A Cheshire museum boasting the world's largest collection of penny farthings is gearing up for a unique cycle race held once every ten years.

The Knutsford Great Race is the only penny farthing event in the UK and competitors come from around the world.

Taking part will be bicycles dating from the middle of the 19th Century including dandy horse machines, bone-shakers and penny farthings.

The hub of the event is the Penny Farthing Museum in Knutsford.


Museum owner Glynn Stockdale bought his first penny farthing in 1978.

Man riding penny farthing in Knutsford
Once you're going, you are king of the road. You can see over hedges, into bedroom windows, all kinds of things!
Glynn Stockdale, Penny Farthing Museum

Now, up to 60,000 visitors a year flock to to see his collection of Victorian velocipedes at his Knutsford tea rooms on King Street, which doubles up as the museum.

"I was always fascinated by the 'big wheel' as a child," he said. "And when I had a chance to buy one in '78, I did just that."

Glynn is one of the organisers of the Knutsford Great Race, a unique event for a range of 19th century bicycles, including the penny farthing.

The race, which was first held back in 1980, is staged just once every ten years.

Up to 50 teams are expected to take part in 2010 with entries already received from as far away as Germany, Czech Republic, USA, Australia and New Zealand.

Competitors, whether riding alone or as part of a team of up to four riders, will have to negotiate as many circuits of a one kilometre course as possible within the three hour time limit.


The penny farthing was invented in 1871 by James Starley. They lasted just 20 years but in that time, 60,000 were produced.

Allan Beswick gets in some practice for the Knutsford Great Race

Big city penny farthing clubs were established across the North West but, according to Glynn, they were so hated in Knutsford that the townsfolk even tried to bring them down forcing spears into their spokes.

"They also went to the local magistrate who worked out different restrictions, one of which was that if you rode in Knutsford on a penny farthing, you had to have a siren by law."

Mounting a 'big wheel' is a process requiring some skill.

One foot is placed on a small peg on the frame above the back wheel.
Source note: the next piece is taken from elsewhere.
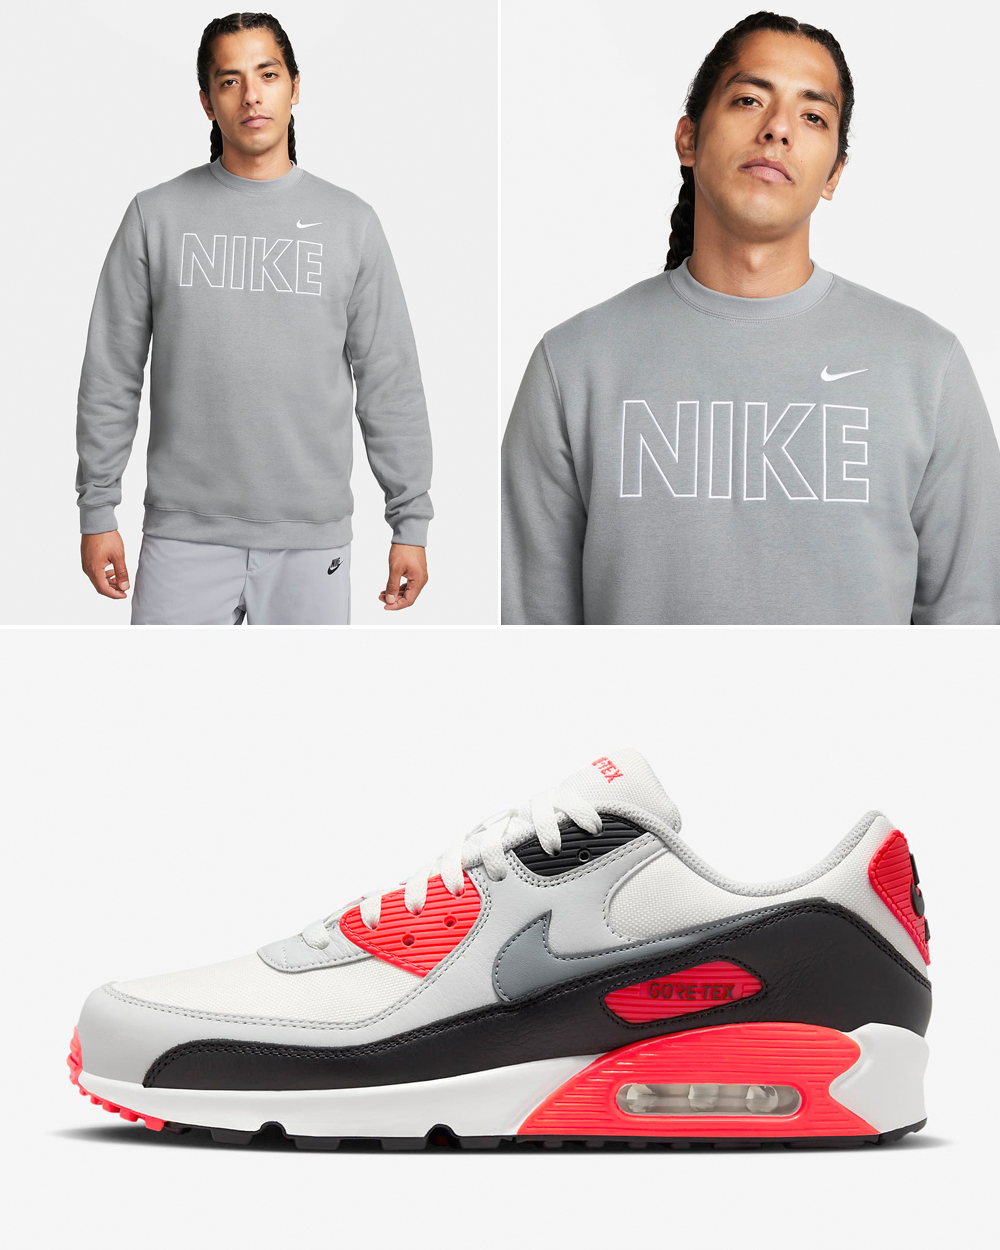 Nike Air Max 90 Gore Tex Infrared Sweatshirt Matching Outfit

The rider then grasps the handlebar, scoots using the other foot, and when sufficient speed has been gained, lifts himself into the saddle.

Although very stable due to the gyroscopic effect of the big wheel, the penny farthing is notoriously prone to accidents.

But that doesn't put off Glynn, who likes nothing better than pedalling his penny farthing around the leafy lanes of Cheshire.

"Once you're going, you are king of the road - you just sail away," he said.

"You are riding high up, you can see over hedges, into bedroom windows, all kinds of things!"